═════ DATA PROVIDED

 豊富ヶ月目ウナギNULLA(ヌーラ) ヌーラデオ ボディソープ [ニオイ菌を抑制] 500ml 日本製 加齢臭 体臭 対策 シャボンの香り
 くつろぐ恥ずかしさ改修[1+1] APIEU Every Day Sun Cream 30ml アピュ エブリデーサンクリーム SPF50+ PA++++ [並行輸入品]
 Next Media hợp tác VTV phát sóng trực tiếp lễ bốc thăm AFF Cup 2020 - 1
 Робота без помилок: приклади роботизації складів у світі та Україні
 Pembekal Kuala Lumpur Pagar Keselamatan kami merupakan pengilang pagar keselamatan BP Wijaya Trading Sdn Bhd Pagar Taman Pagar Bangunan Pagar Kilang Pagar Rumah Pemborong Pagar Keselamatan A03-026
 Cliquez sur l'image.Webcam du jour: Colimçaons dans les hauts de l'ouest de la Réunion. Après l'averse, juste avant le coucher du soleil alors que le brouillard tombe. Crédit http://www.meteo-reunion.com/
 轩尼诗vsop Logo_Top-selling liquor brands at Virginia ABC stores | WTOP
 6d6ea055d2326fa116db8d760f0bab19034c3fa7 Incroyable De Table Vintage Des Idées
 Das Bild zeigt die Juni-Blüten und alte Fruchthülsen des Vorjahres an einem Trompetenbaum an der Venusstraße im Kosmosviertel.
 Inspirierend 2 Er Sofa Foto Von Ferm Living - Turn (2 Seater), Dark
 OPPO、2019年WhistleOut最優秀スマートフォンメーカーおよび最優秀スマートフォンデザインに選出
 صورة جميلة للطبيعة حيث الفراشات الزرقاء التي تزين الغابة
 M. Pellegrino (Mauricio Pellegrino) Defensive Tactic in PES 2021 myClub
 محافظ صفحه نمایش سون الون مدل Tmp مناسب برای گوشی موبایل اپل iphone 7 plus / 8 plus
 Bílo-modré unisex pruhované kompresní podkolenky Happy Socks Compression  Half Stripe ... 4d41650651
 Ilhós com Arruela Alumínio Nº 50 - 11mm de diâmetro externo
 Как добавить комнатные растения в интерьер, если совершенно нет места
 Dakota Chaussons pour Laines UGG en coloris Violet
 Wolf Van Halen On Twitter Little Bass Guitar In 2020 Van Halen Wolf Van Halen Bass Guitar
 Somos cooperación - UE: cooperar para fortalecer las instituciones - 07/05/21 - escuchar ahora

══════════

--- WORK ITEM ---
Within the material above, output exactly the lines from the one with "محافظ صفحه نمایش" through the one with "Dakota Chaussons pour", end lines included, and nothing besides.

--- EXERCISE ANSWER ---
 محافظ صفحه نمایش سون الون مدل Tmp مناسب برای گوشی موبایل اپل iphone 7 plus / 8 plus
 Bílo-modré unisex pruhované kompresní podkolenky Happy Socks Compression  Half Stripe ... 4d41650651
 Ilhós com Arruela Alumínio Nº 50 - 11mm de diâmetro externo
 Как добавить комнатные растения в интерьер, если совершенно нет места
 Dakota Chaussons pour Laines UGG en coloris Violet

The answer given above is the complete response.